Le peuple met l’armée devant ses responsabilités

Les manifestations impressionnantes qui ont eu lieu ce vendredi mettent le pouvoir algérien devant un dilemme terrible. Soit il répond à la volonté de changement radical  exprimée pacifiquement par le peuple algérien soit il prend la lourde responsabilité des dérapages qui pourraient se produire au risque de conduire le pays à l’inconnu. Le pouvoir est mis devant l’obligation de tirer les conclusions qui s’imposent du fait que les Algériens ont clairement montré qu’ils ne se satisfont plus des promesses du régime mais exigent la fin de ce dernier et le départ des anciennes figures discréditées. Mais que se passera-t-il si le pouvoir reste accroché à sa « feuille de route » ? La seule chose qui semble donner encore un peu d’espoir à ce pouvoir condamné définitivement par le peuple est le soutien dont il continue de bénéficier de la part de la France.  Mais les observateurs sont unanimes pour dire que la France ne pourra pas continuer à soutenir le régime indéfiniment.

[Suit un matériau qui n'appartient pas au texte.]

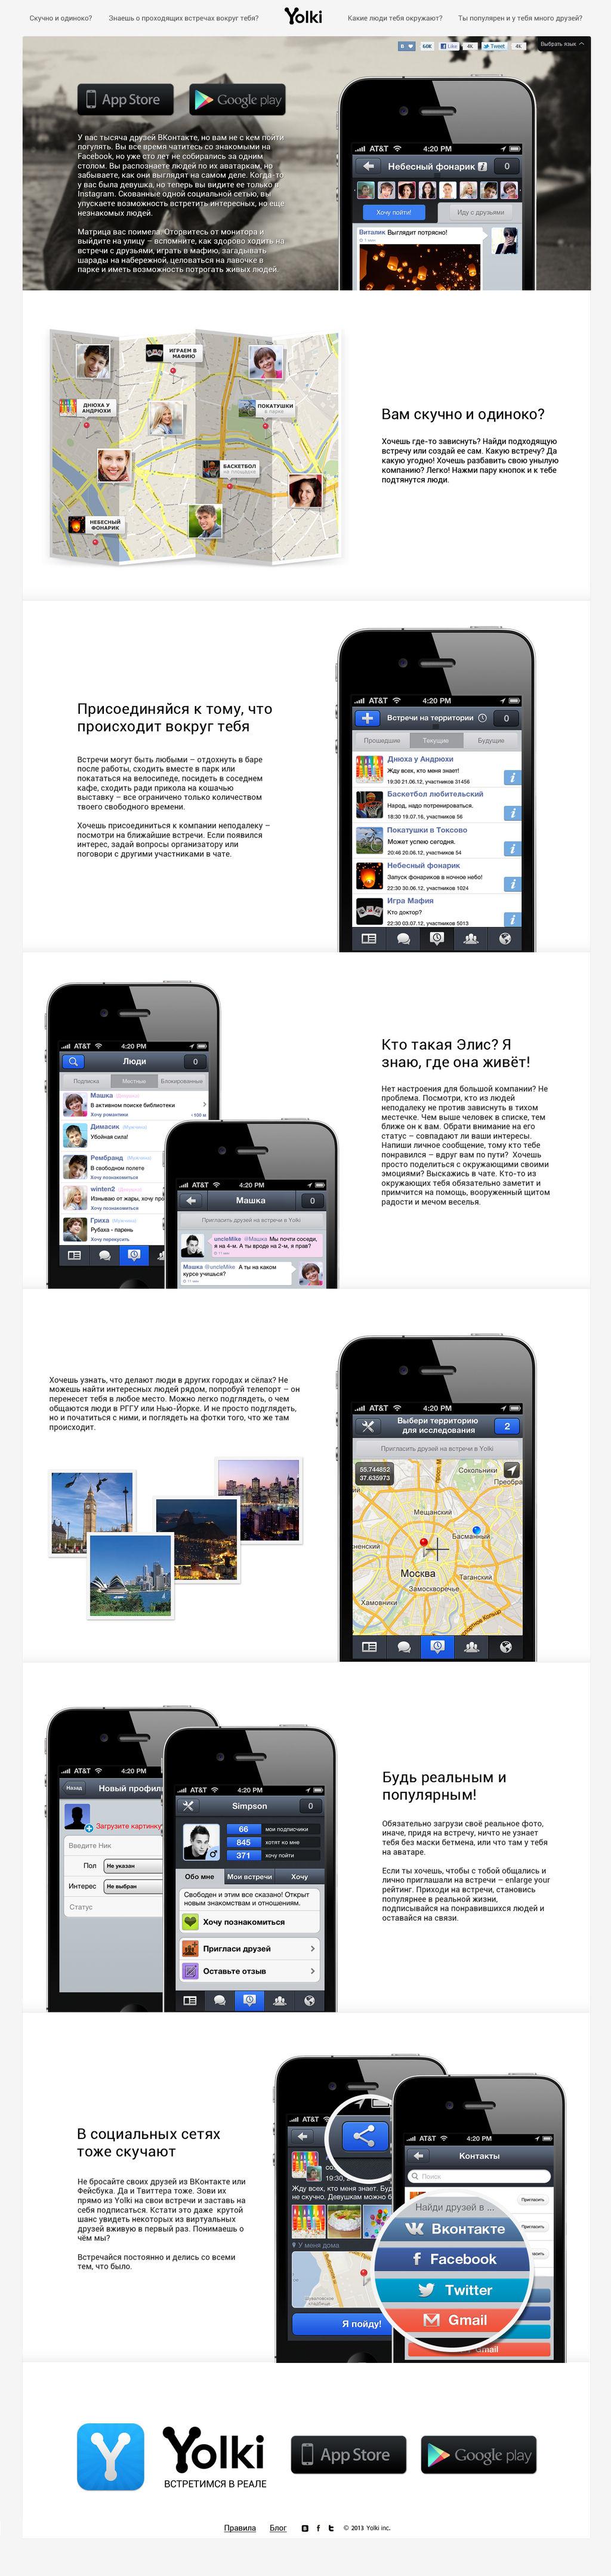 Yolki Web Design
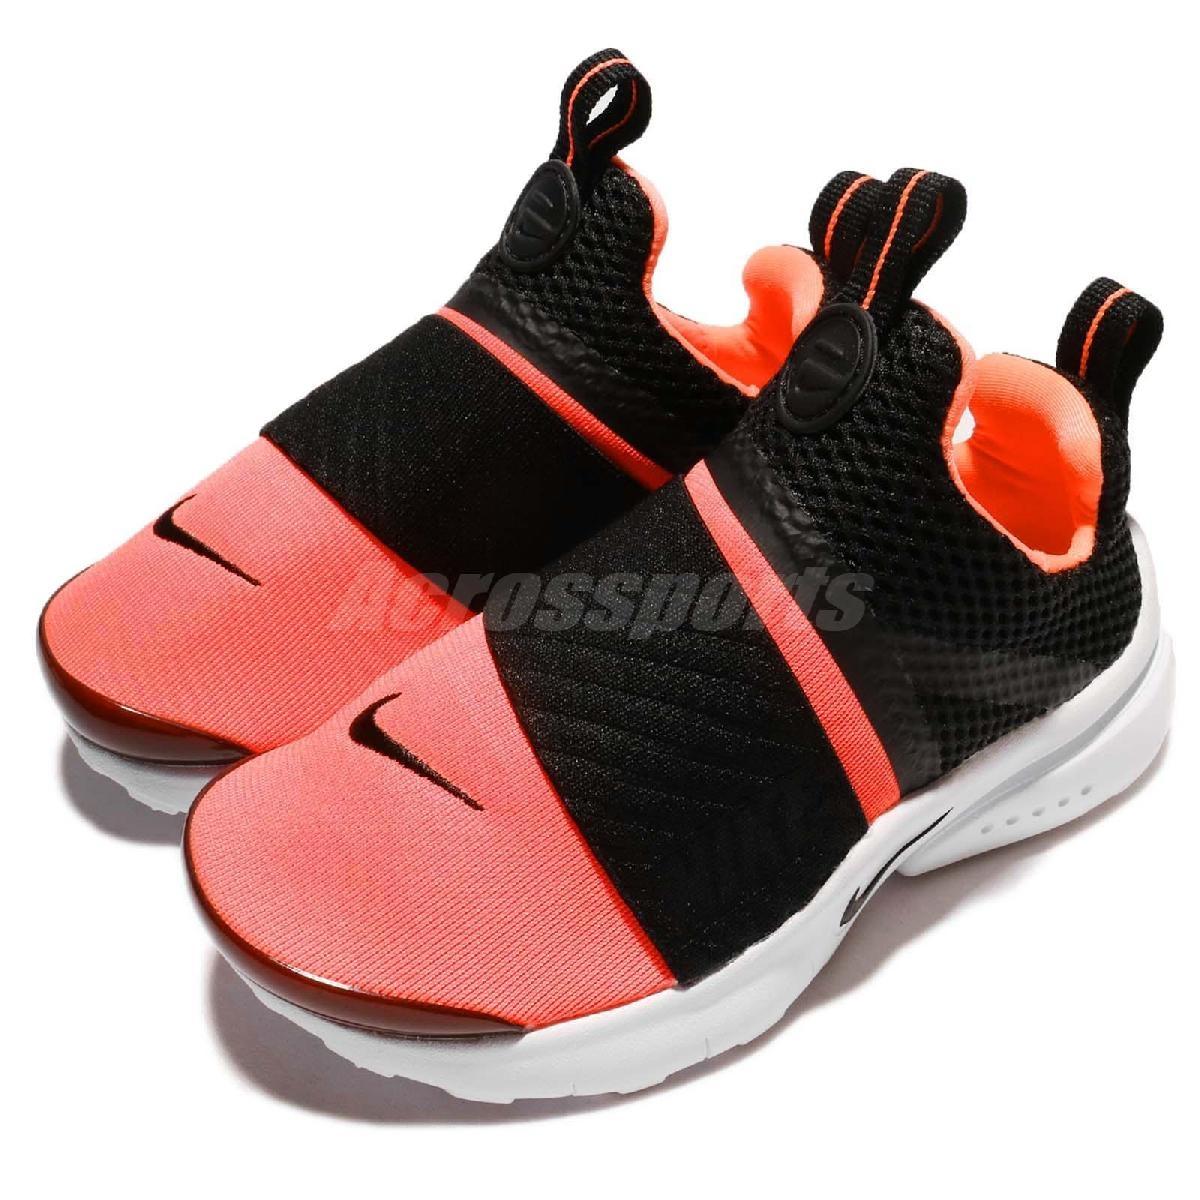 Nike休閒慢跑鞋Presto Extreme TD黑橘紅低筒無鞋帶襪套式嬰兒小童鞋Baby鞋PUMP306 870021-001

Le président Macron vient de mettre la pression sur ses alliés au pouvoir à Alger (le clan Bouteflika allié à l’occasion au chef des services de sécurité Bachir Tartag) en les appelant à régler au plus vite la crise. Sous-entendu, la France pourrait vite abandonner ses alliés si la crise perdurait au point de mettre en cause ses intérêts et peut-être sa sécurité. Dans cette situation dramatique, l’attention des observateurs se dirige vers la seule force capable de mettre fin au calvaire des Algériens, à savoir l’armée algérienne. Le commandement de l’ANP s’est montré jusqu’à présent prudent, voire trop prudent au point que sa position risque d’apparaître de plus en plus comme un soutien aux magouilles du clan présidentiel alors que des sources officieuses indiquent que les chefs de l’armée ne sont pas du tout d’accord avec la prolongation du quatrième mandat du président Bouteflika dans la mesure où elle constitue une entorse grave à la Constitution algérienne qui ne prévoit pas une telle prolongation, en tout cas pas dans ces conditions.

Jusqu’ici, le commandement de l’ANP s’est gardé d’ intervenir directement dans le processus de règlement de la crise qui a donné lieu à une « feuille de route » complètement en décalage avec les attentes populaires et ce, pour éviter de donner des prétextes à l’ingérence des puissances étrangères qui se méfient de l’armée algérienne en raison de ses positions souverainistes. Ce n’est pas un hasard si des sites et des chaînes YouTube animés par les services français et marocains cherchent ces derniers jours à discréditer le chef d’état-major de l’ANP au moyen de campagnes de désinformation plus ou moins soft relayées malheureusement par des pseudo-opposants algériens irresponsables. Mais si la crise devait durer et s’aggraver, le commandement de l’ANP saura prendre ses responsabilités, assurent certains observateurs, surtout qu’il n’est pas dit que la France elle-même ne finira pas par lâcher le clan Bouteflika et se ranger à l’idée que seule l’armée algérienne est capable d’éviter à l’Algérie la menace d’un chaos qui risque de n’épargner aucun pays de la région.